DATA UNDER STUDY:
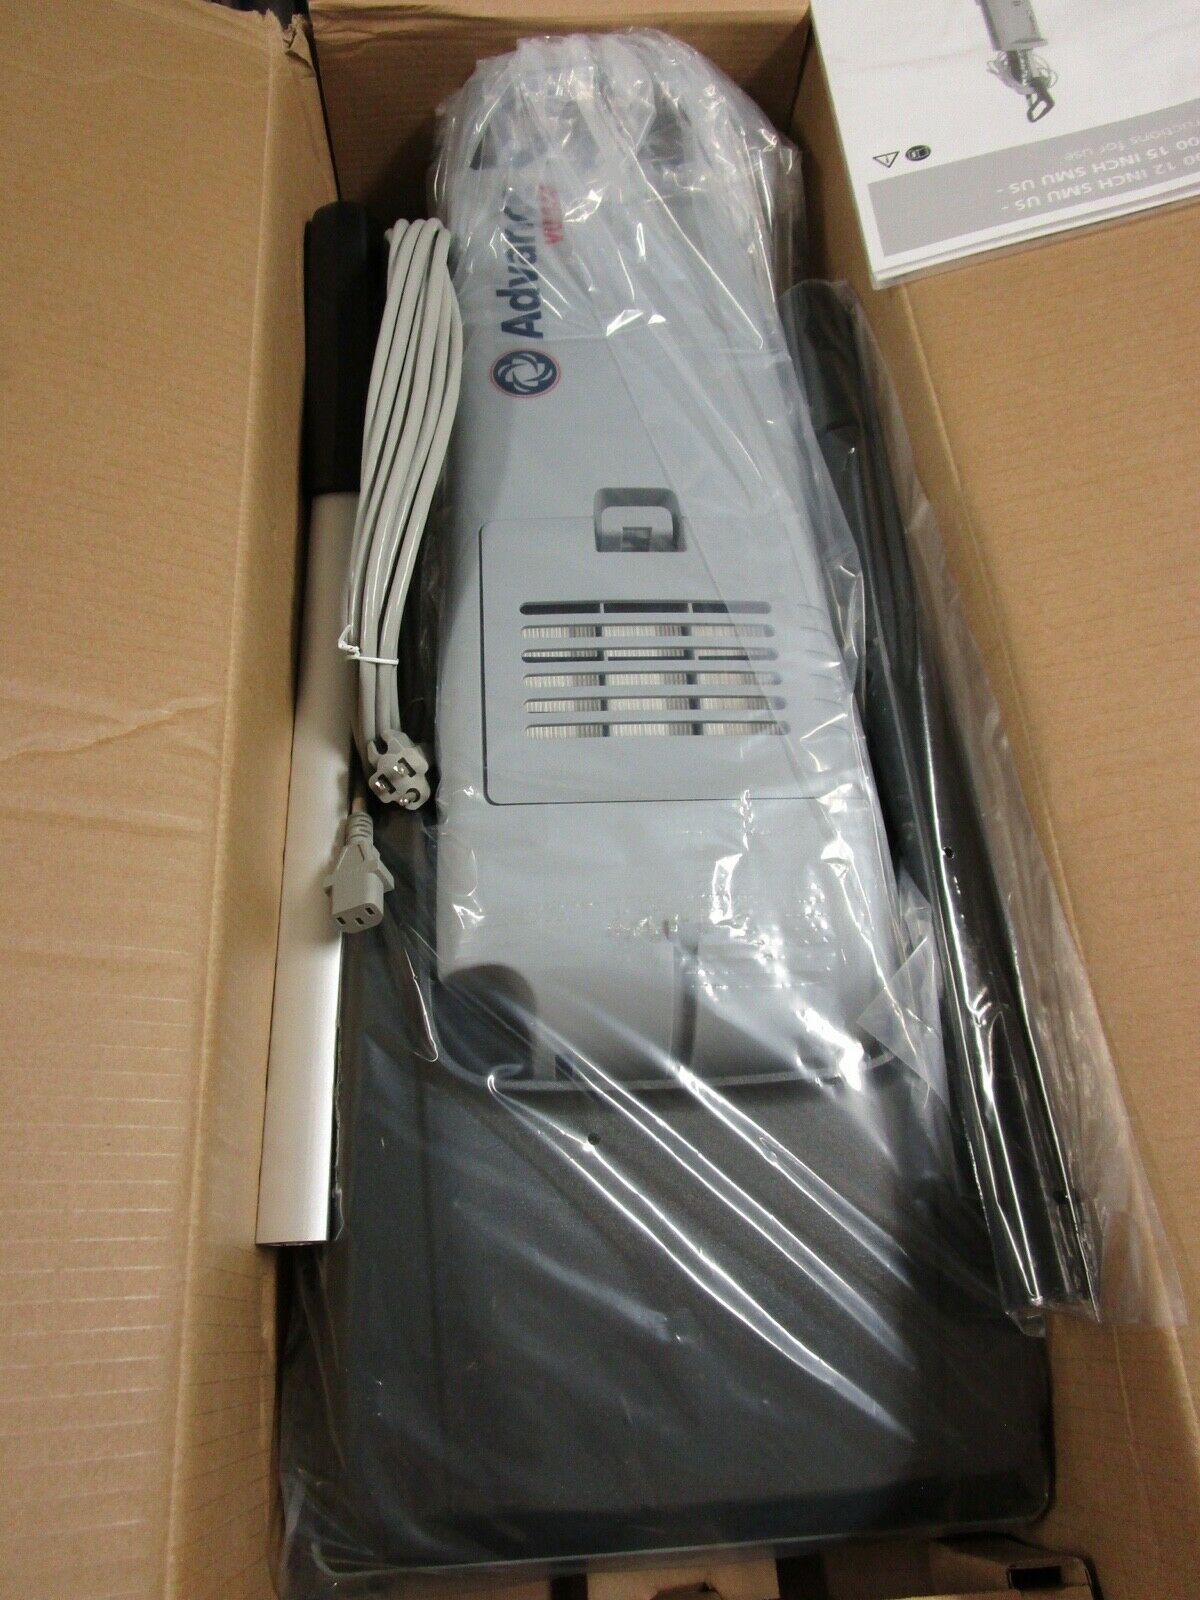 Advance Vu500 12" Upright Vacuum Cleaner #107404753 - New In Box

---

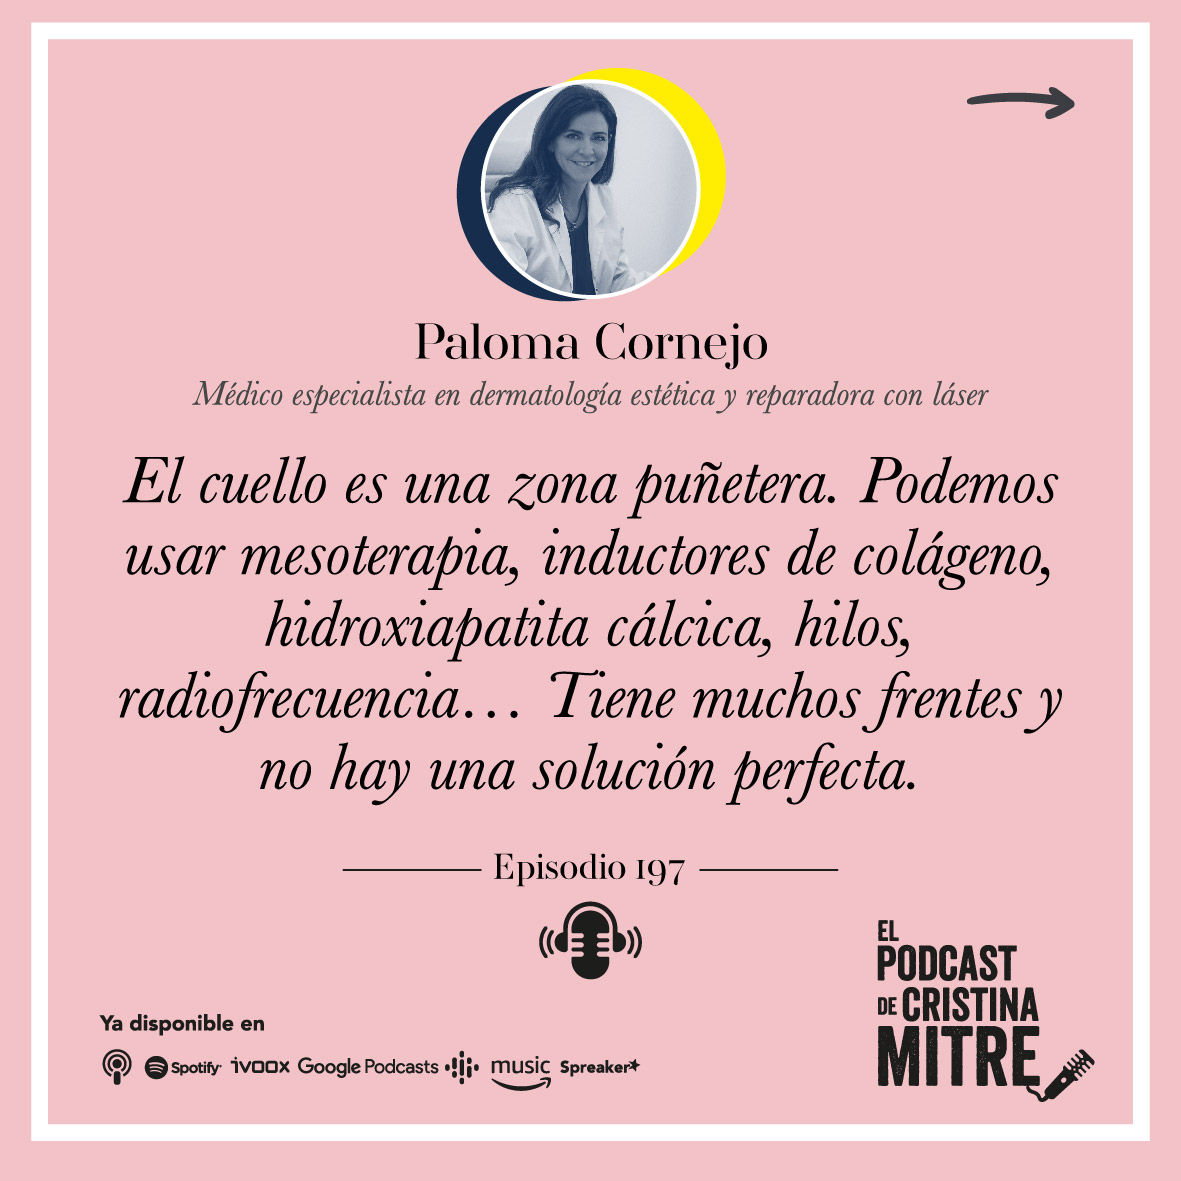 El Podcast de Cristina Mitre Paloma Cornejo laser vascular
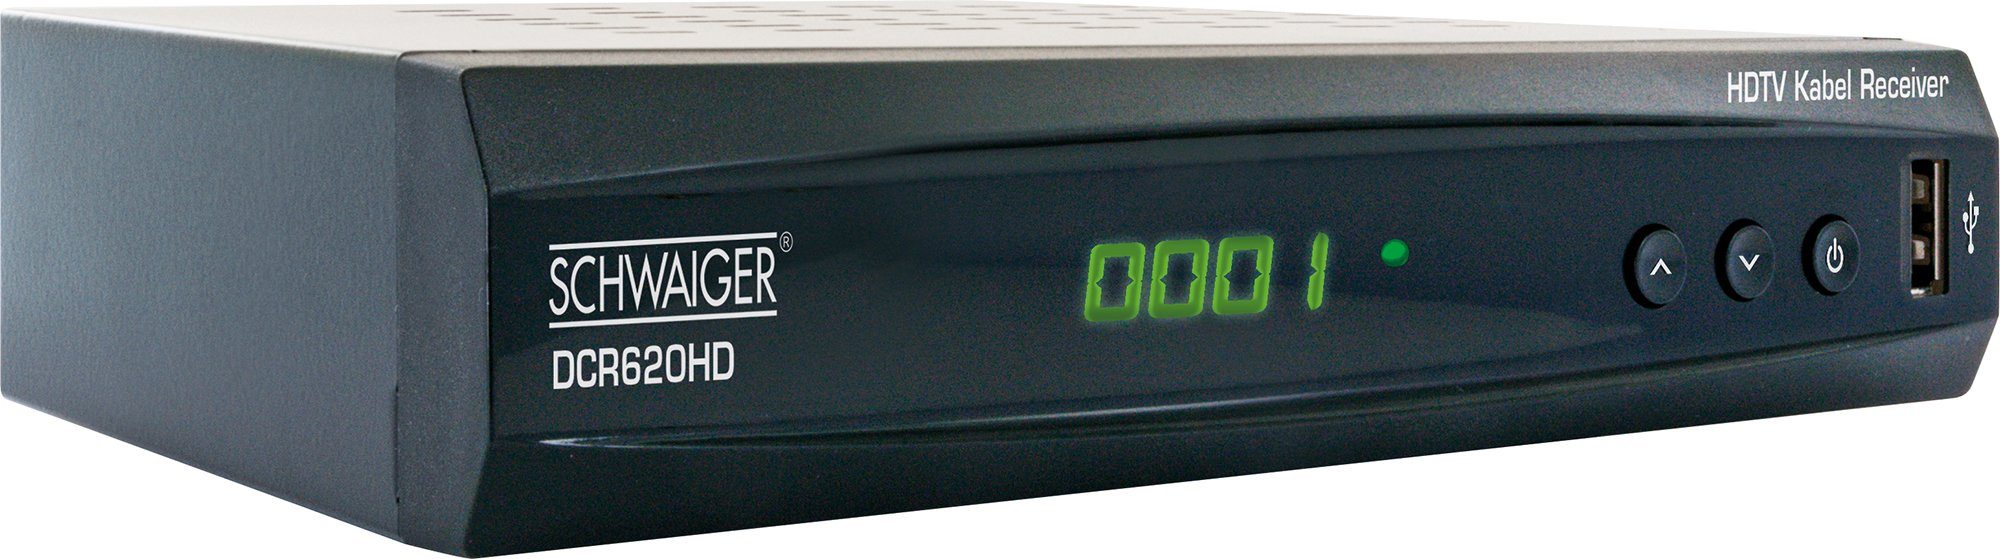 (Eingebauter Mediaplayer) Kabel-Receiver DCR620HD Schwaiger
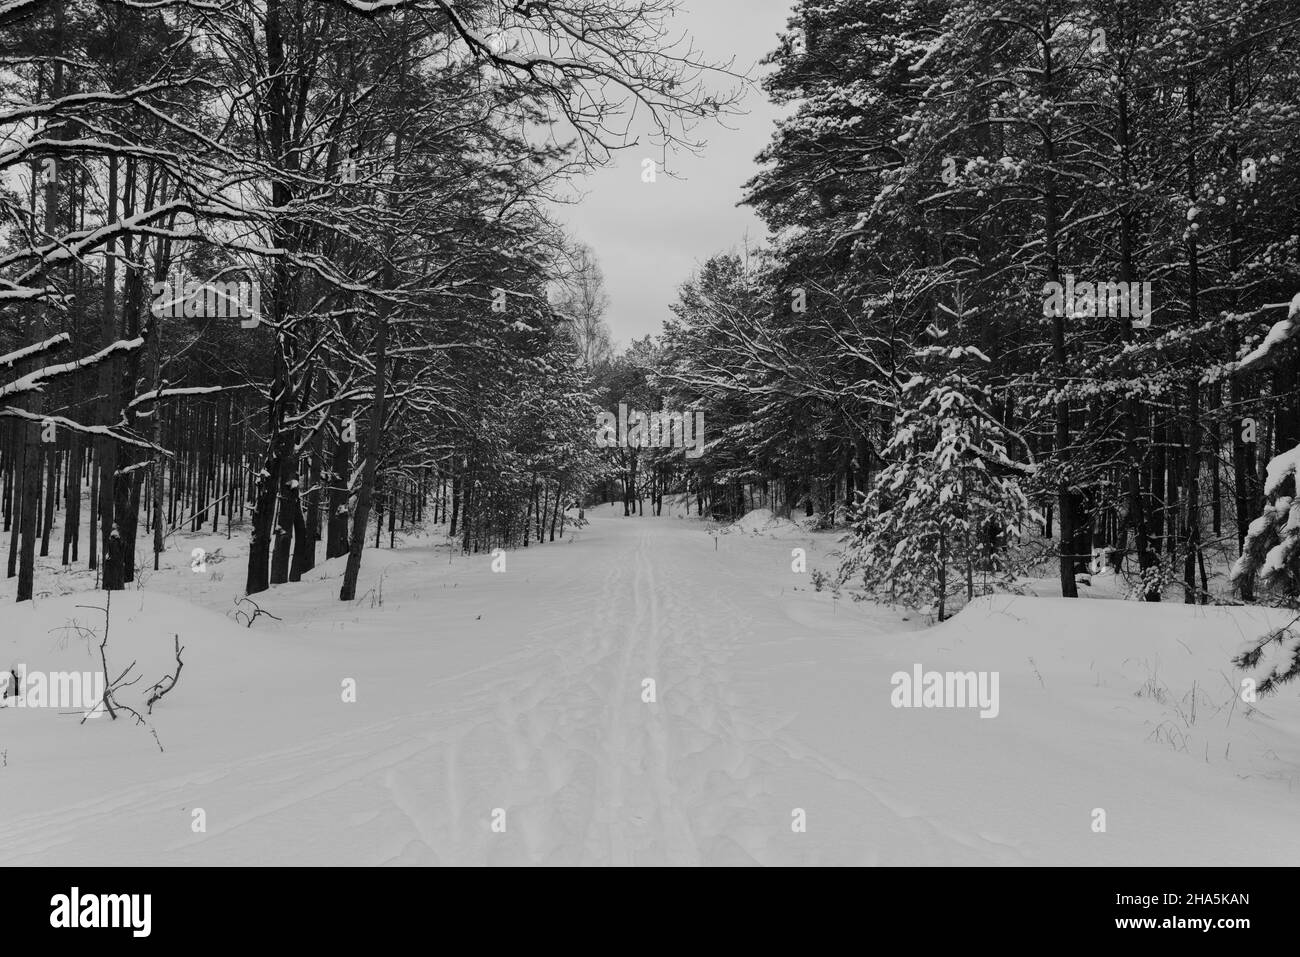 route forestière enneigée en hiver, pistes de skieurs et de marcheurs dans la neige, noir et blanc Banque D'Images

EXERCISE REQUIREMENTS:
Go back to the listing above and write out the lines starting at the one with "El Podcast de" and ending at the one with "route forestière enneigée", inclusive, exactly and without pictures.

REPLY TO THE TASK:
 El Podcast de Cristina Mitre Paloma Cornejo laser vascular
 (Eingebauter Mediaplayer) Kabel-Receiver DCR620HD Schwaiger
 route forestière enneigée en hiver, pistes de skieurs et de marcheurs dans la neige, noir et blanc Banque D'Images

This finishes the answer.